We study ObjectGoal Navigation -- where a virtual robot situated in a new environment is asked to navigate to an object. Prior work has shown that imitation learning (IL) using behavior cloning (BC) on a dataset of human demonstrations achieves promising results. However, this has limitations -- 1) BC policies generalize poorly to new states, since the training mimics actions not their consequences, and 2) collecting demonstrations is expensive. On the other hand, reinforcement learning (RL) is trivially scalable, but requires careful reward engineering to achieve desirable behavior. We present PIRLNav, a two-stage learning scheme for BC pretraining on human demonstrations followed by RL-finetuning. This leads to a policy that achieves a success rate of $65.0\%$ on ObjectNav ($+5.0\%$ absolute over previous state-of-the-art). Using this BC$\rightarrow$RL training recipe, we present a rigorous empirical analysis of design choices. First, we investigate whether human demonstrations can be replaced with `free' (automatically generated) sources of demonstrations, e.g. shortest paths (SP) or task-agnostic frontier exploration (FE) trajectories. We find that BC$\rightarrow$RL on human demonstrations outperforms BC$\rightarrow$RL on SP and FE trajectories, even when controlled for same BC-pretraining success on train, and even on a subset of val episodes where BC-pretraining success favors the SP or FE policies. Next, we study how RL-finetuning performance scales with the size of the BC pretraining dataset. We find that as we increase the size of BC-pretraining dataset and get to high BC accuracies, improvements from RL-finetuning are smaller, and that $90\%$ of the performance of our best BC$\rightarrow$RL policy can be achieved with less than half the number of BC demonstrations. Finally, we analyze failure modes of our ObjectNav policies, and present guidelines for further improving them.

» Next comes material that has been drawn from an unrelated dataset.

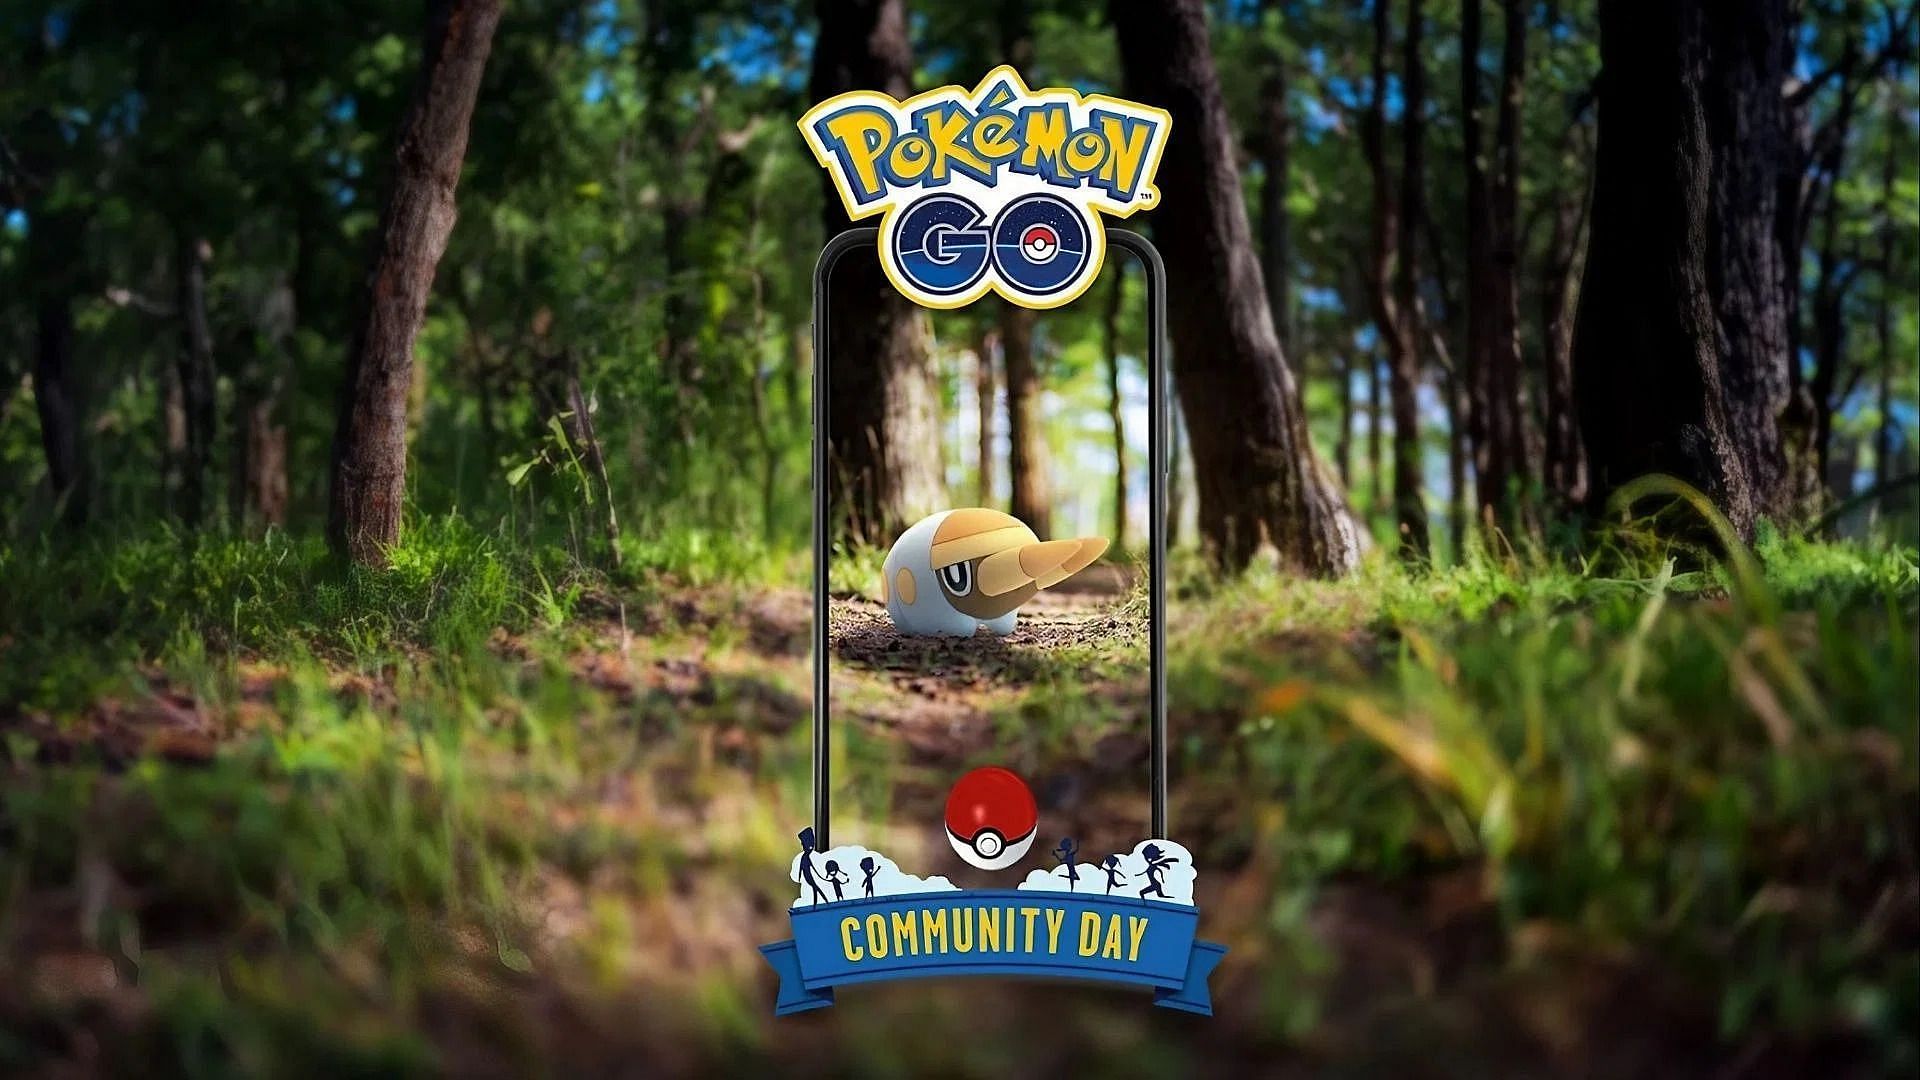 Digi Is Bringing An Exciting Experience To Pokémon GO Trainers Nationwide!

翻译：我们研究目标导向导航问题——虚拟机器人需在新环境中导航至指定物体。先前研究表明，基于人类演示数据集的行为克隆（BC）方法可实现良好效果。然而该方法存在局限性：1）BC策略因仅模仿动作而非其后果，导致对新状态的泛化能力差；2）收集演示成本高昂。另一方面，强化学习（RL）虽具备天然可扩展性，但需要精心设计奖励函数才能获得理想行为。我们提出PIRLNav两阶段学习方案：先对人类演示进行行为克隆预训练，再通过强化学习微调。该策略在目标导航任务中实现$65.0\%$的成功率（较先前最优方法绝对提升$5.0\%$）。基于BC→RL训练范式，我们对设计选择展开严格实证分析。首先探究人类演示是否可被"免费"（自动生成）演示替代，例如最短路径（SP）或任务无关前沿探索（FE）轨迹。研究发现，即使控制相同BC预训练成功率，甚至在BC预训练成功率有利于SP/FE策略的验证子集上，基于人类演示的BC→RL方法仍优于SP和FE轨迹。其次研究RL微调性能如何随BC预训练数据集规模变化。我们发现，当增大BC预训练数据集规模并达到较高BC准确率时，RL微调带来的性能提升幅度减小，且最佳BC→RL策略的$90\%$性能可通过不到一半数量的BC演示实现。最后分析目标导航策略的失败模式，并提出进一步优化的指导原则。